Coiling Dragon Book 13 – Gebados – Chapter 30, A So-Called Spar Bahasa Indonesia

Reader Settings

Size :
A-16A+
Daftar Isi

Bab 30, Sebuah Pertarungan yang Disebut-sebut

Lingkungan Gunung Copper Gong sangat indah. Di dalam lembah yang tenang dan dalam, terdapat air terjun dan kolam di bawahnya. Linley dan Bebe telah membangun dua rumah batu dan tinggal di sana. Linley tidak ingin mengganggu Penguasa Gunung Copper Gong itu. Sudah cukup baginya untuk memberi Linley petunjuk.

“Gemuruh…”

Air terjun mengalir deras seperti mutiara putih yang tak terhitung jumlahnya, menghantam kolam yang dalam di bawahnya.

“Ciprat!” Air di kolam mengalir keluar dalam aliran kecil. Linley duduk dalam posisi meditasi di tepi kolam di sepetak rumput. Tubuh aslinya mulai tenang dan fokus untuk menyelaraskan diri dengan Misteri Mendalam dari Esensi Bumi. Adapun klon ilahinya, ia terus menganalisis Hukum Elemen Angin.

“Aku belum pernah memperhatikan esensi elemen sedekat ini seperti sekarang.”

Linley mengirimkan seluruh energi spiritualnya, memasukkannya ke dalam setiap partikel esensi elemen bumi.

Partikel esensi elemen bumi sangat kecil. Tidak mungkin seseorang dapat melihatnya dengan mata telanjang, tetapi partikel esensi unsur ini memenuhi seluruh dunia. Setiap partikel esensi unsur bumi melayang di sekitar area tersebut, bergerak dalam pola acak dan kacau. Kemudian mereka akan bertabrakan satu sama lain, lalu berpisah.

Partikel esensi bumi saling menarik, lalu saling menolak.

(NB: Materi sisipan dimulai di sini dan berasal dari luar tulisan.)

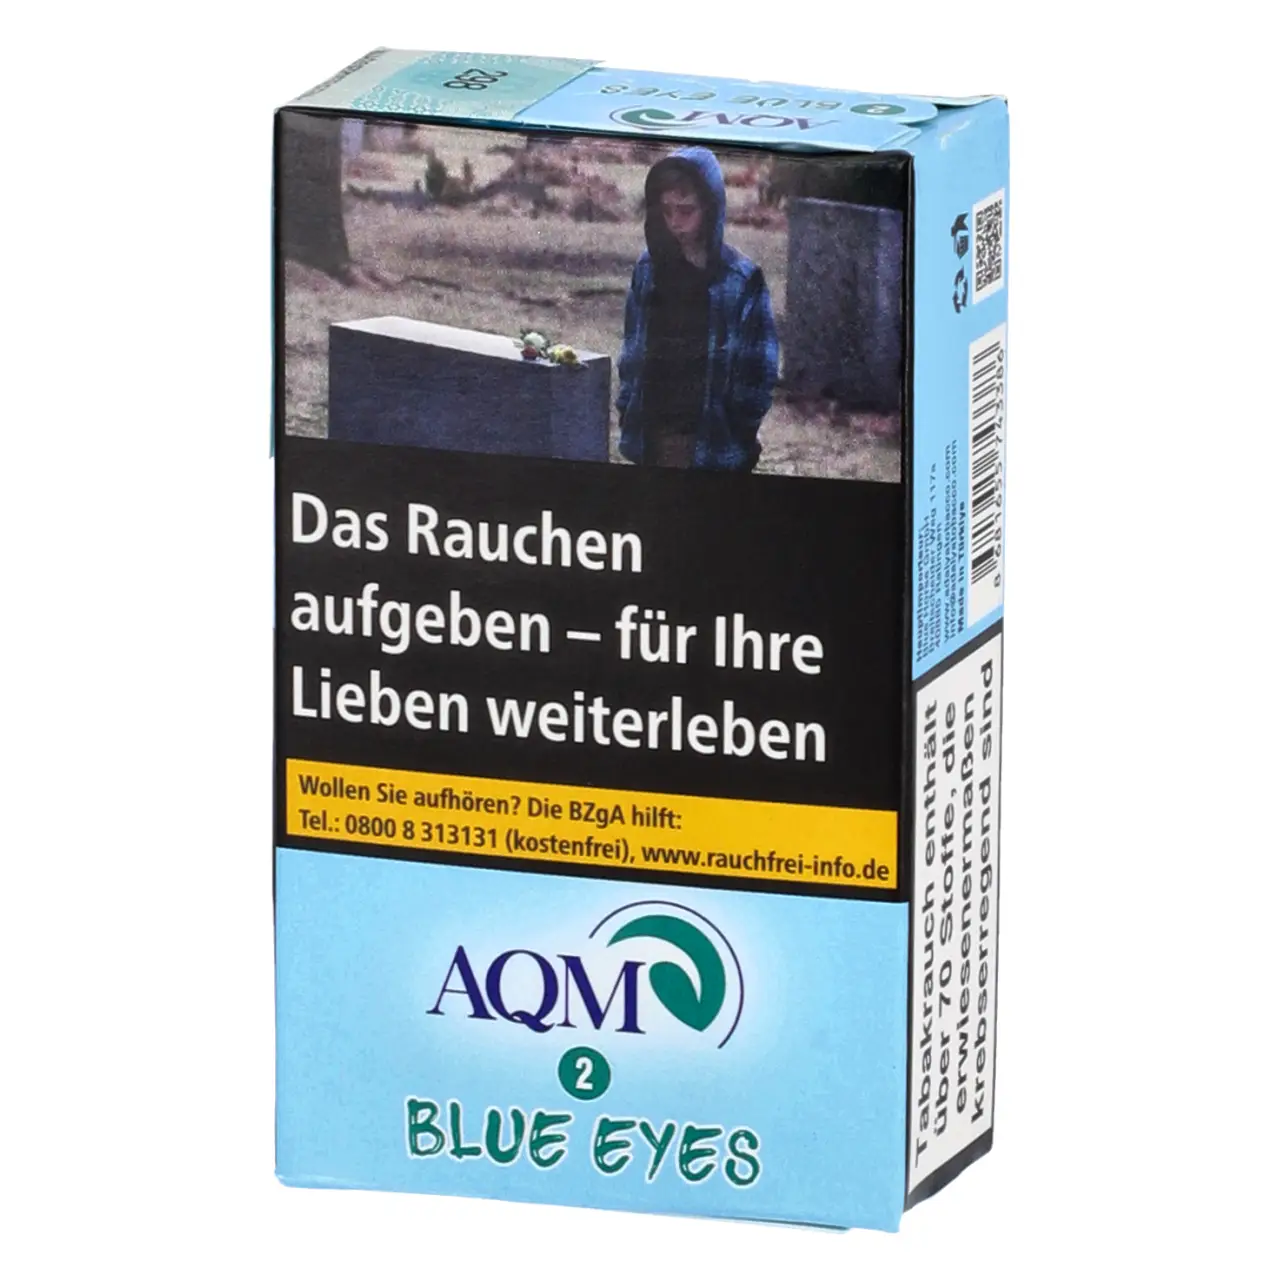 Aqua Mentha Shisha Tabak Blue Eyes - Blaubeere - 25g

“Aneh sekali. Apakah ini dunia unsur?”

Linley menghela napas dalam hati sambil memuji.

Dan kemudian, saat Linley menyalurkan energi spiritualnya ke bumi: “Partikel esensi unsur yang mengeras ini terlalu dekat satu sama lain.” Memang, ini benar. Batu dan tanah sebenarnya semuanya terbentuk dari esensi unsur bumi, hanya saja kepadatan unsurnya sangat tinggi.

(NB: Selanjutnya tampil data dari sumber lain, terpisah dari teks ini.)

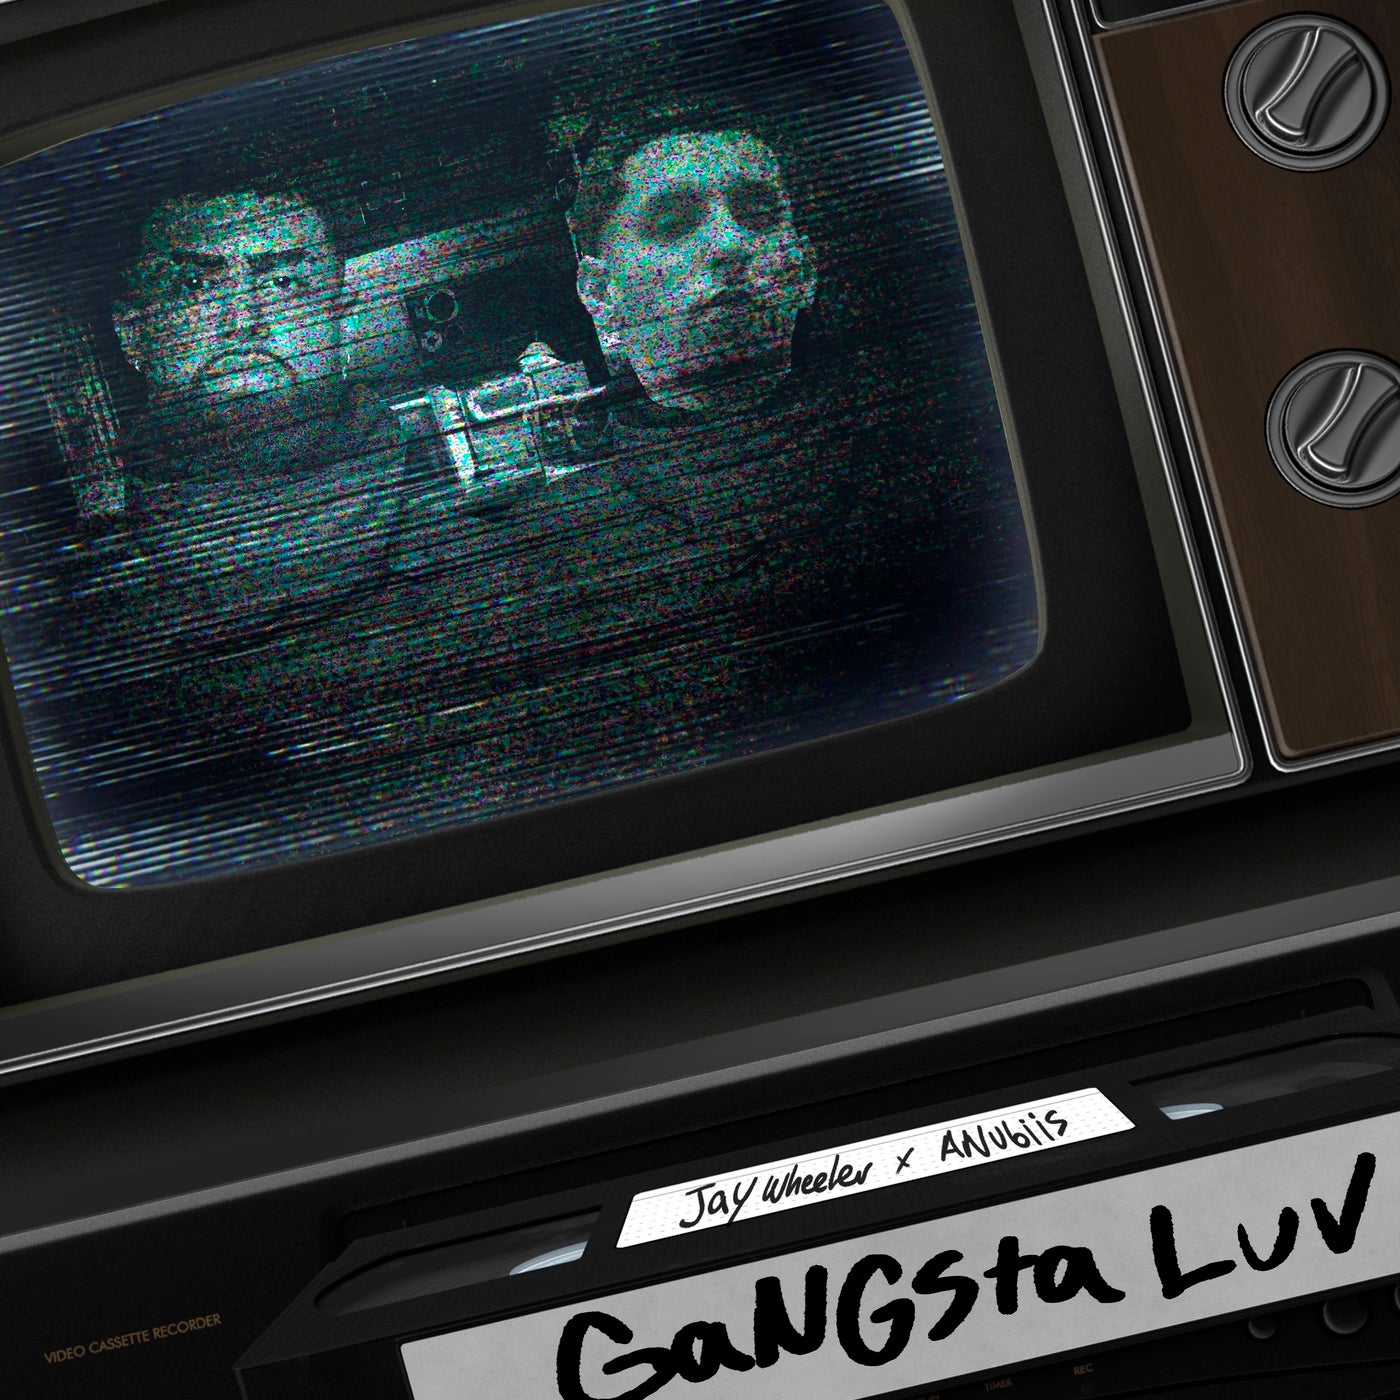 GANGSTA LUV by Jay Wheeler and Anubiis on Beatsource

“Meskipun bumi yang tak terbatas dan batu-batu di gunung semuanya terbentuk dari esensi unsur bumi, mereka tidak memancarkan aura unsur yang kuat. Ah!” Hati Linley dipenuhi dengan keterkejutan. “Menurut cara partikel unsur bumi di udara berperilaku, ketika partikel unsur mencapai jarak yang sangat dekat satu sama lain, mereka akan saling tolak. Lalu mengapa… partikel yang sangat padat di dalam bebatuan itu tidak saling tolak?”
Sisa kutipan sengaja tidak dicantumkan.